Discover Capay Valley’s gastronomic side
Seek Seka Hills: The Capay Valley is an agricultural gem, all rolling hills, verdant orchards and farms and picturesque valleys. If you cut over to Highway 505 from 80, you’ll roll through the charming town of Winters and then wind your way through winding roads and tiny towns — Esparto, Capay and Brooks, home of the Yocha Dehe Wintun Nation’s olive groves and Seka Hills Olive Mill and tasting room. (The olive mill is about a mile from the tribe’s Cache Creek Casino Resort, in case slots and blackjack are more your thing. That olive oil is a sure bet, though.)
In pre-pandemic times, you could tour the 14,000-square foot olive mill facility. Now, it’s open for seated tastings of Seka Hills’ wines and samples of the mill’s various olive oil varieties, from arbequina to taggiasca and frantoio. There’s a tempting array of bites available, too, including a Nisqually smoked salmon sandwich ($13) with herby cream cheese and lemon pesto aioli on ciabatta.
The tasting room is open from 11 a.m. to 5 p.m. Wednesday-Sunday at 19326 County Road 78 in Brooks; www.sekahills.com.
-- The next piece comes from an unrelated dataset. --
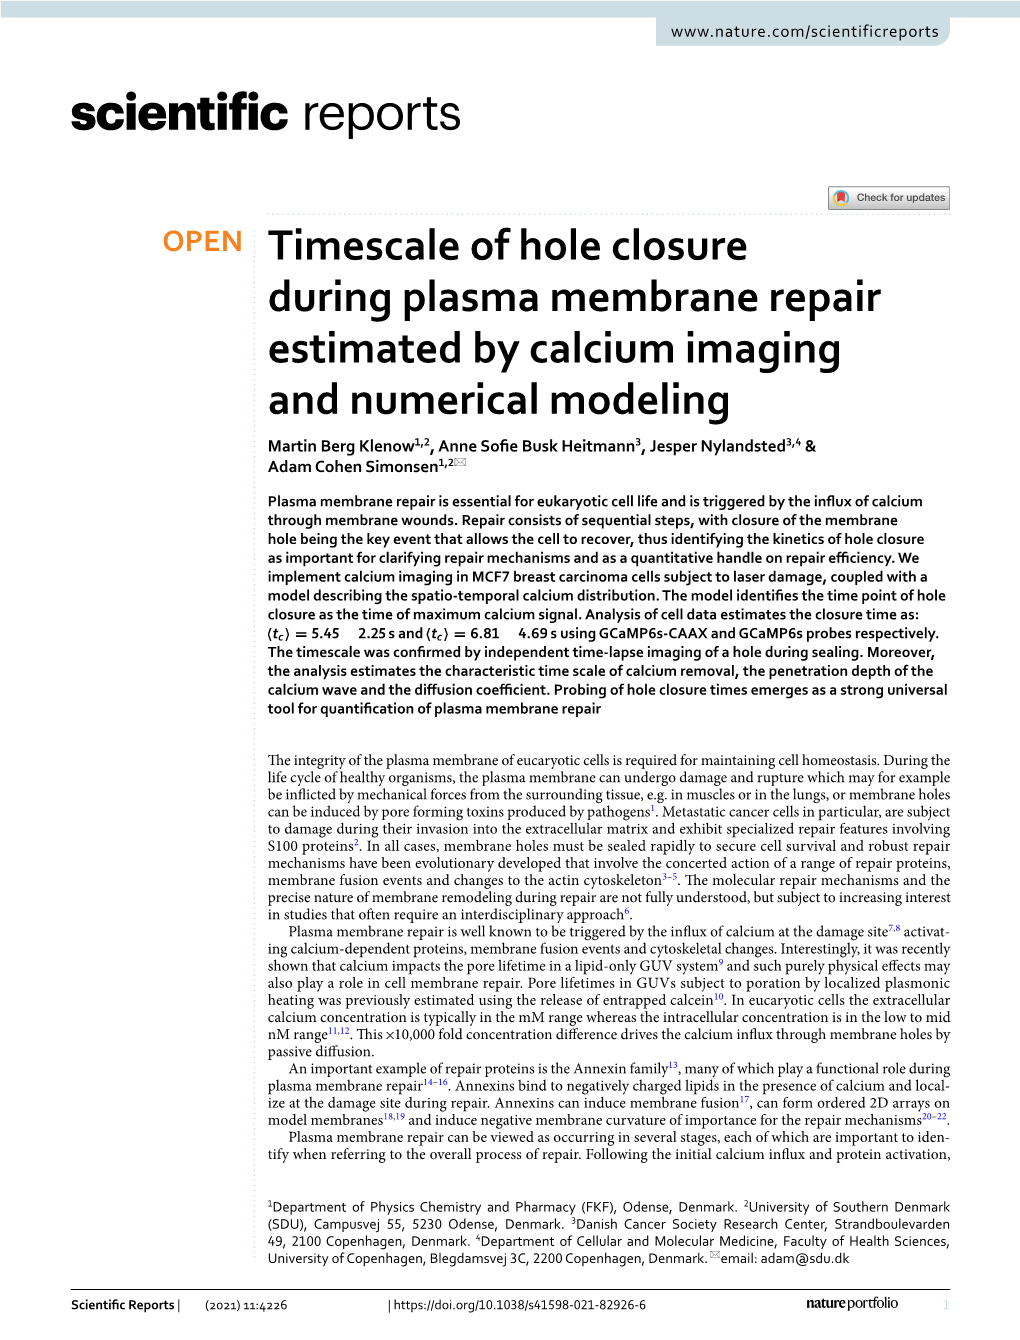 Timescale of Hole Closure During Plasma Membrane Repair Estimated

Celebrate the lavender harvest: Cache Creek Lavender farm’s annual Lavender Festival, which took a break last year, returns June 12-13 for a weekend of fragrant celebration. Harvest your own lavender, taste wine, hear live music and enjoy lavender ice cream and lemonade. The fun runs from 10 a.m. to 4 p.m. at 3430 Madrone St. in Rumsey; www.cachecreeklavender.com.
Stop for road trip noshes: What better place for a roadside bite than the retro Road Trip Bar & Grill, perched on a highway corner in all its vintage glory. This casual eatery offers outdoor seating, cold beer and all-American fare, from the Spare Tire Burger ($12) to a classic Cobb Salad ($15). Open Thursday-Sunday at 24989 Highway 16; www.roadtripbg.com.